Добавить в цитаты Настройки чтения

Страница 11 из 19



И где только маменька находила таких?

Нынешний кандидат выгодно отличался от предыдущих немалым ростом. Он был молод, с виду годков семнадцати-восемнадцати, розовощек и светловолос. Причем волосы эти — тут Евдокия могла поклясться — завивали раскаленными щипцами, потому как не бывает у живого человека этаких аккуратных локонов. И небось, предварительно в сахарной воде по старому рецепту вымачивали, оттого и вились над жениховской макушкой осы.

Обрядили же красавца в красную шелковую рубаху с расшитым воротом, модные штаны в узкую полоску и скрипучие хромовые сапоги.

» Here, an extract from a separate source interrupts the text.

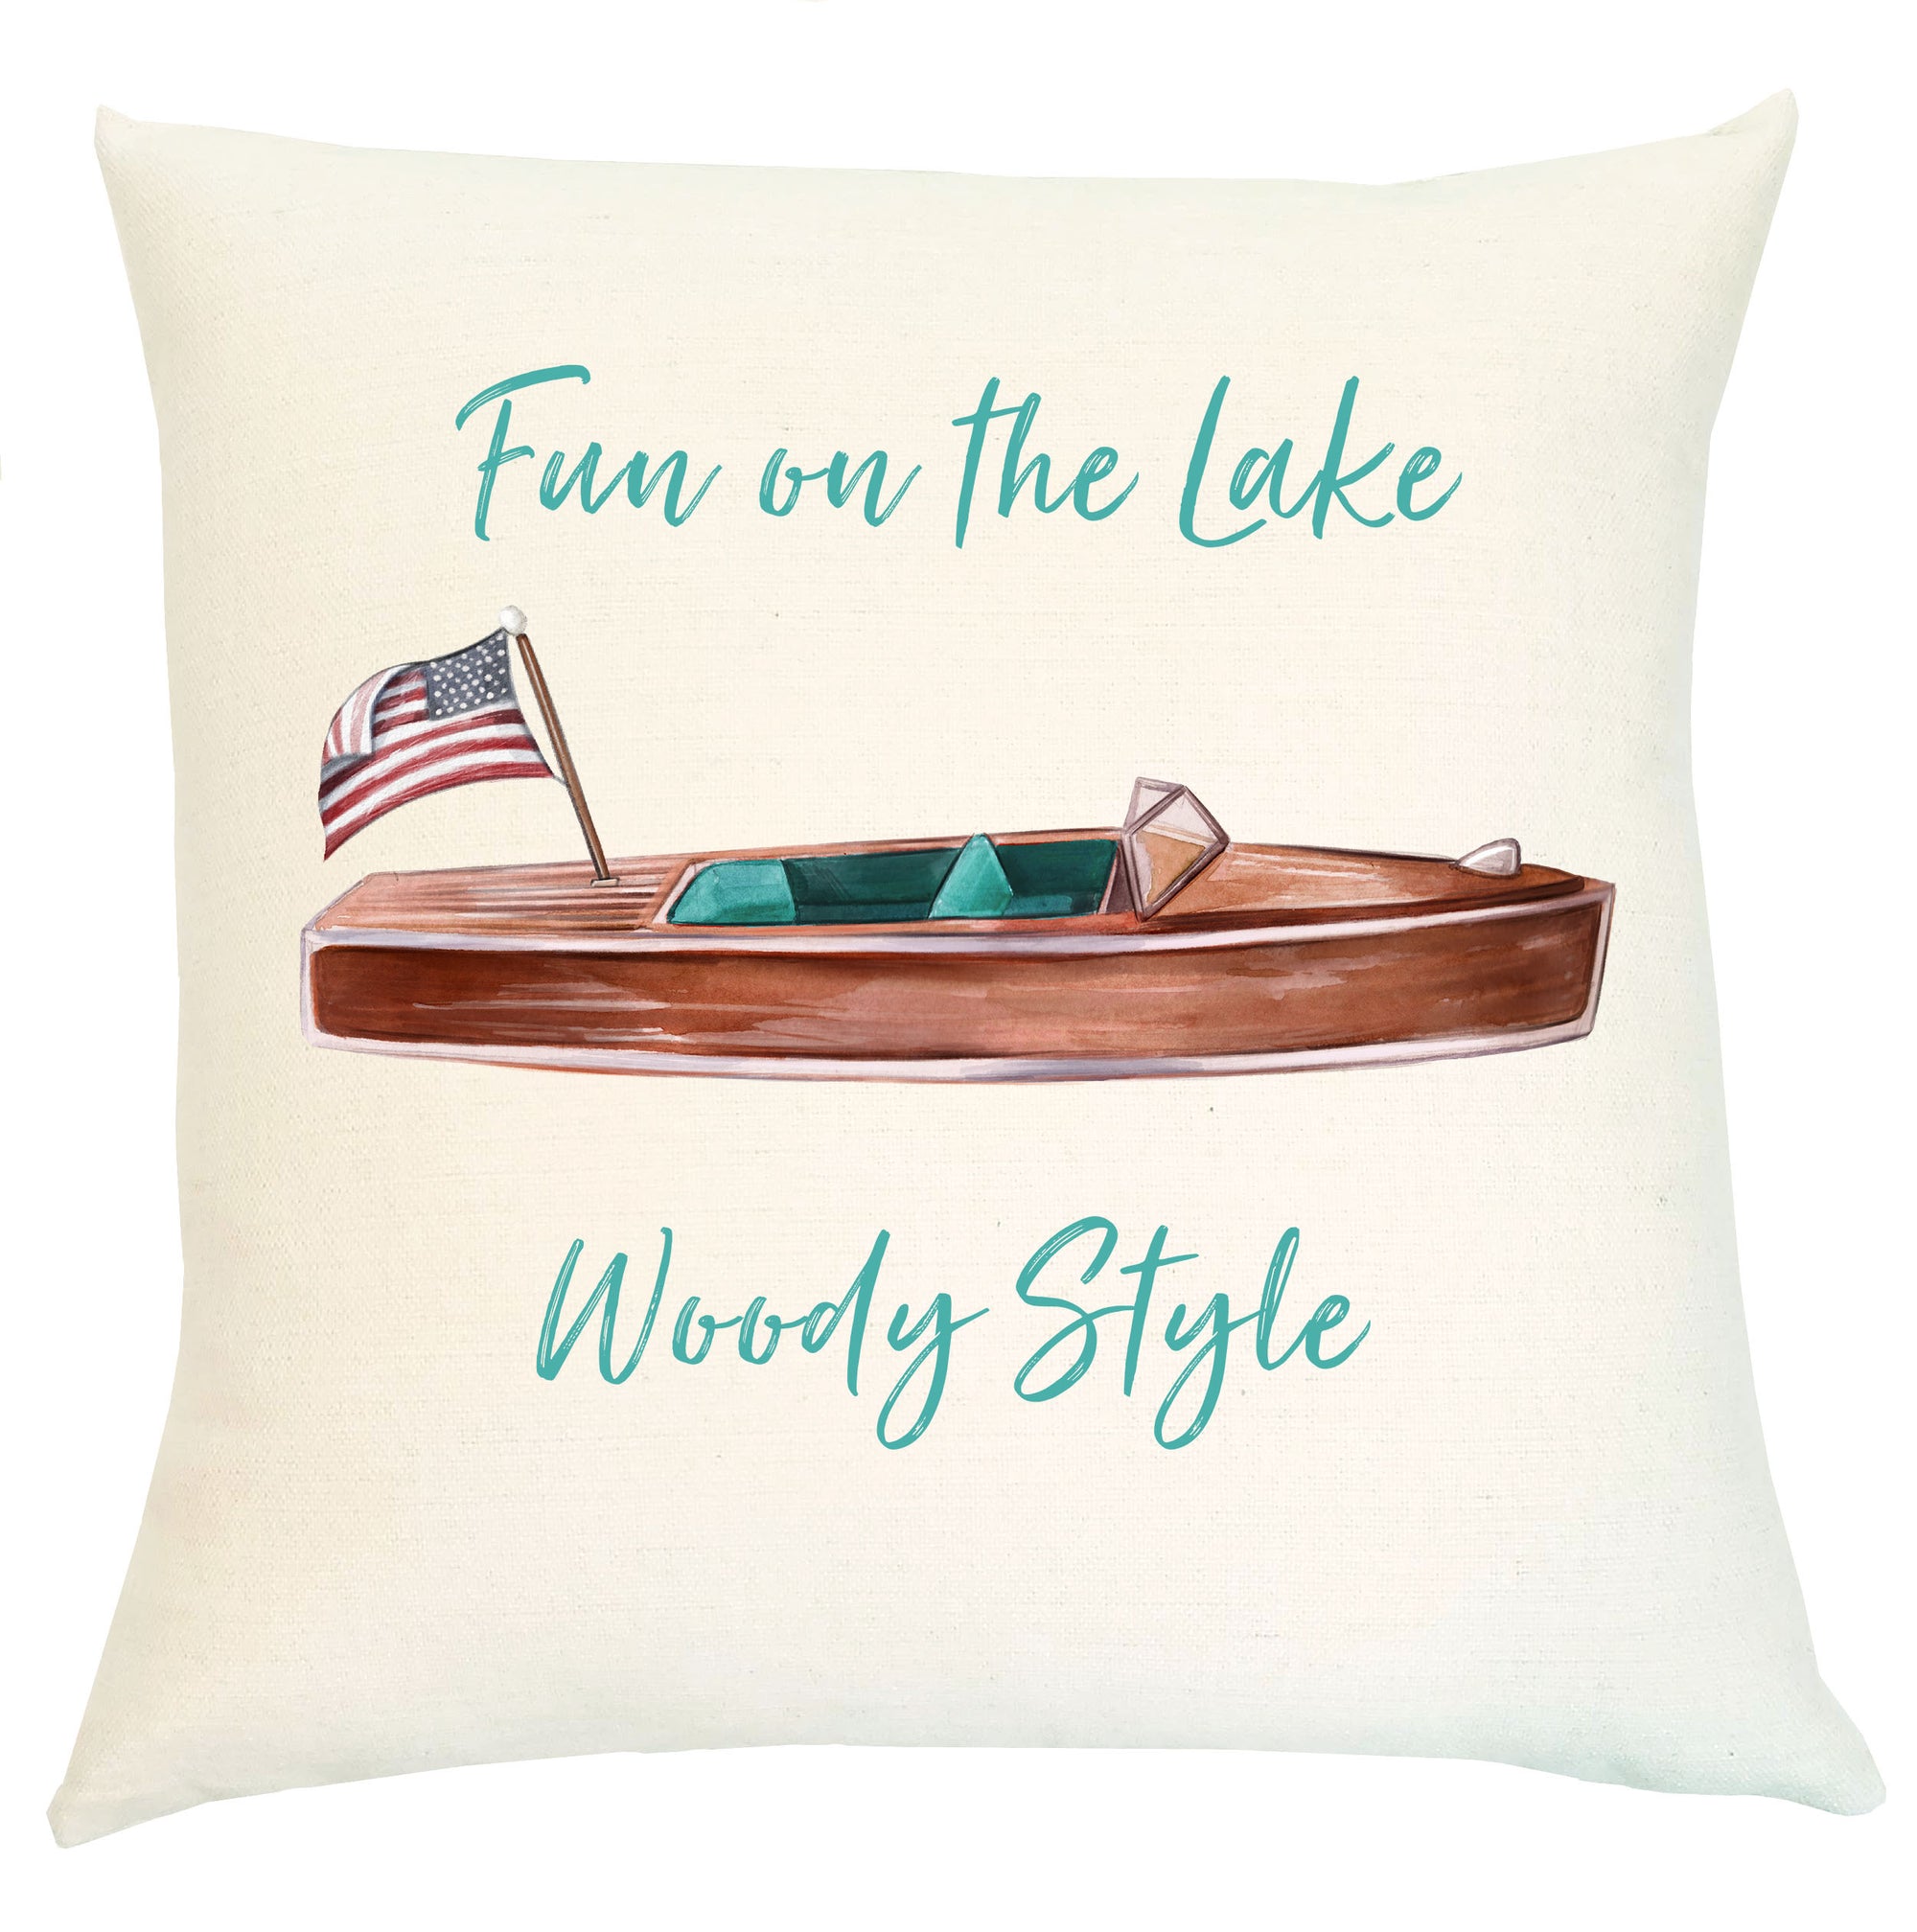 Pillow - Fun on the Lake "Woody Style"

На шею цепь повесили золотую. На пухлые пальцы с обкусанными ногтями — перстней надели дюжины с две.

И через одного с каменьями.

В перстнях жениху было неудобно, а может, не в них дело, но в том, что непривычен он был к смотринам, оттого смущался, пальцами шевелил, цепляясь кольцом за кольцо. И дергался, смущался…

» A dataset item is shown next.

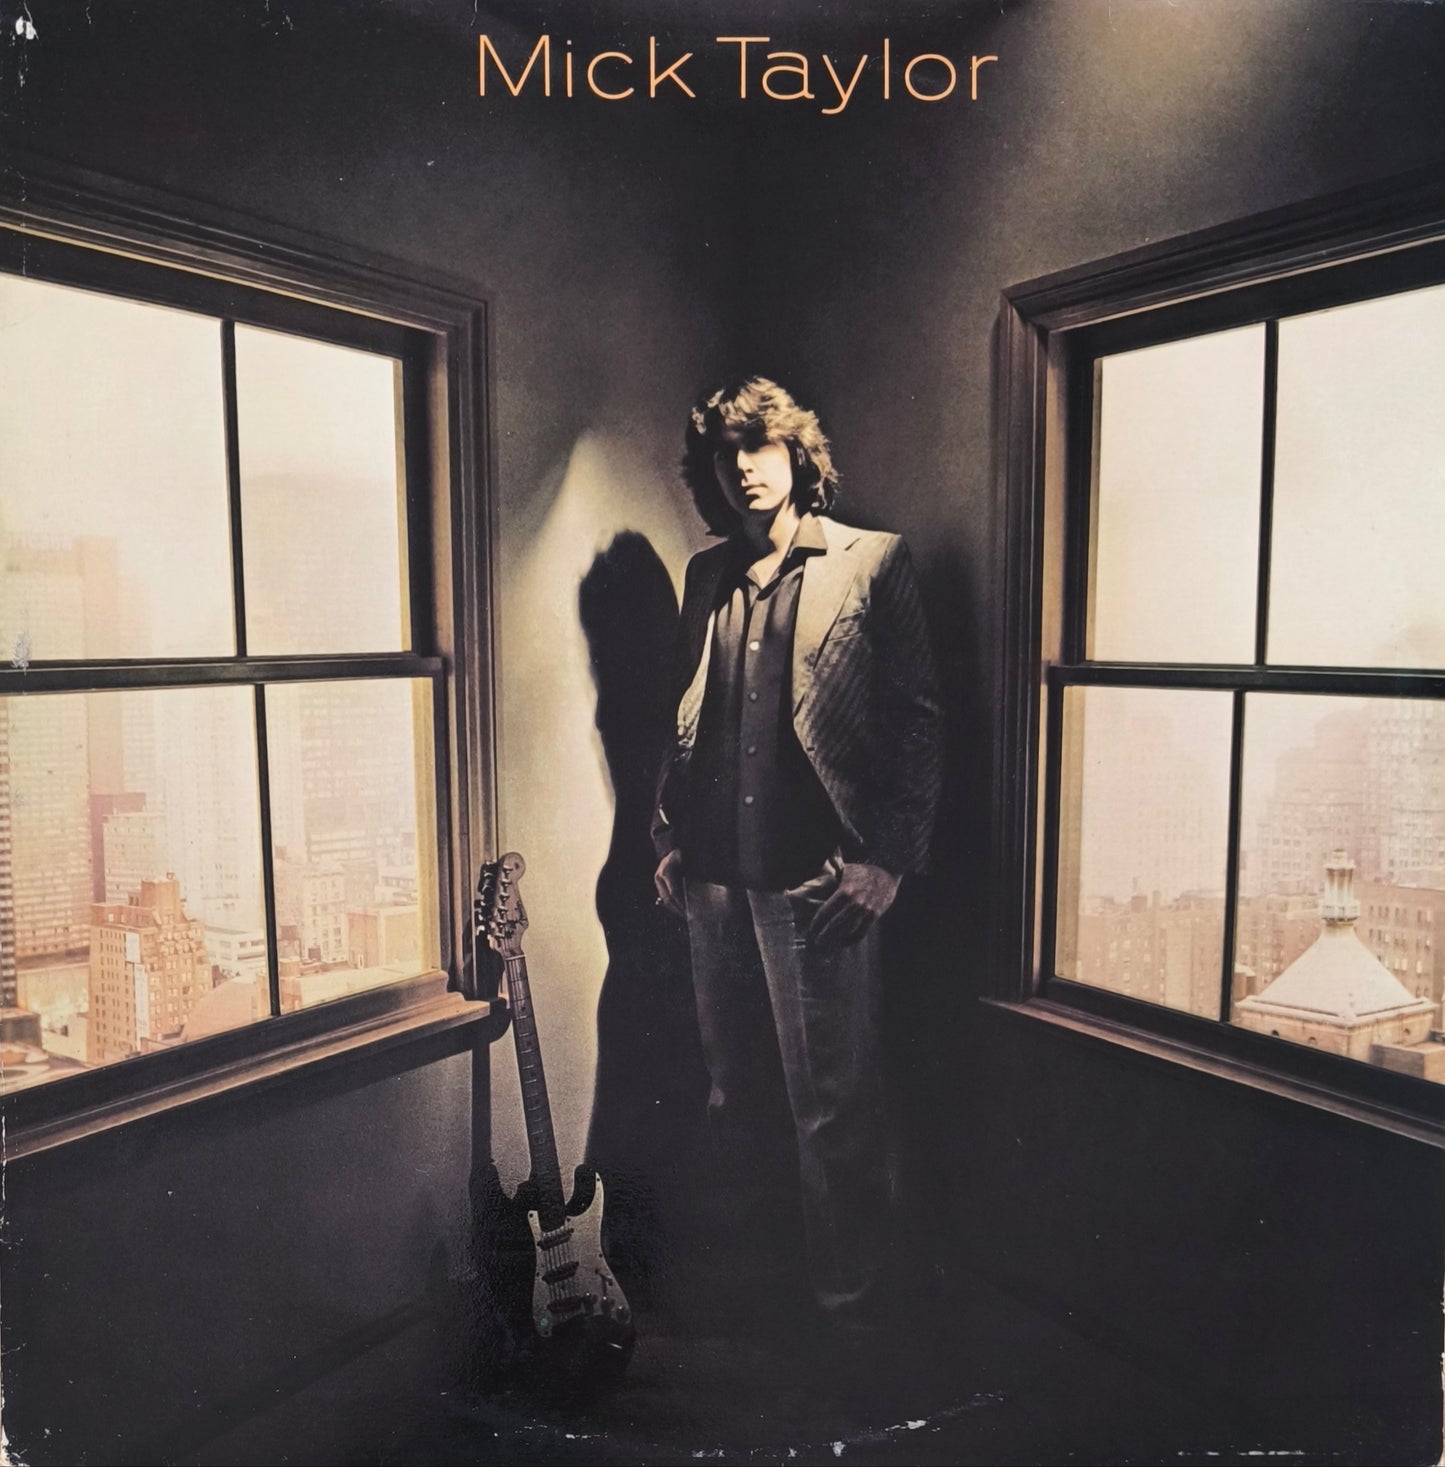 MICK TAYLOR - Mick Taylor

…поглядывал на маменьку, которая стояла тут же, прела в плюшевой, бисером расшитой, душегрее, оглядывалась, подмечая, что люстру хрустальную, что обои с золочением, что мебель италийскую, по каталогу выписанную… подмечала и хмурилась. Пальчик выставила, ноготком резьбу на низенькой софе ковырнула, верно, проверяя, густо ли позолочено… и вновь ручки на животе сложила, замерла истуканом, вперив в Евдокию настороженный недобрый взгляд.

— Знакомься, Дусенька, — пропела Модеста Архиповна, отмахнувшись от особо назойливой осы. — Это Аполлон.

Аполлон поднялся и отвесил поясной поклон, ручкой по ковру мазанув.

Дрессированный… кланяется и на матушку смотрит, и та кивает, улыбается, мол, правильно все делаешь… а сама Евдокию едва ли не пристальней, чем мебель разглядывает.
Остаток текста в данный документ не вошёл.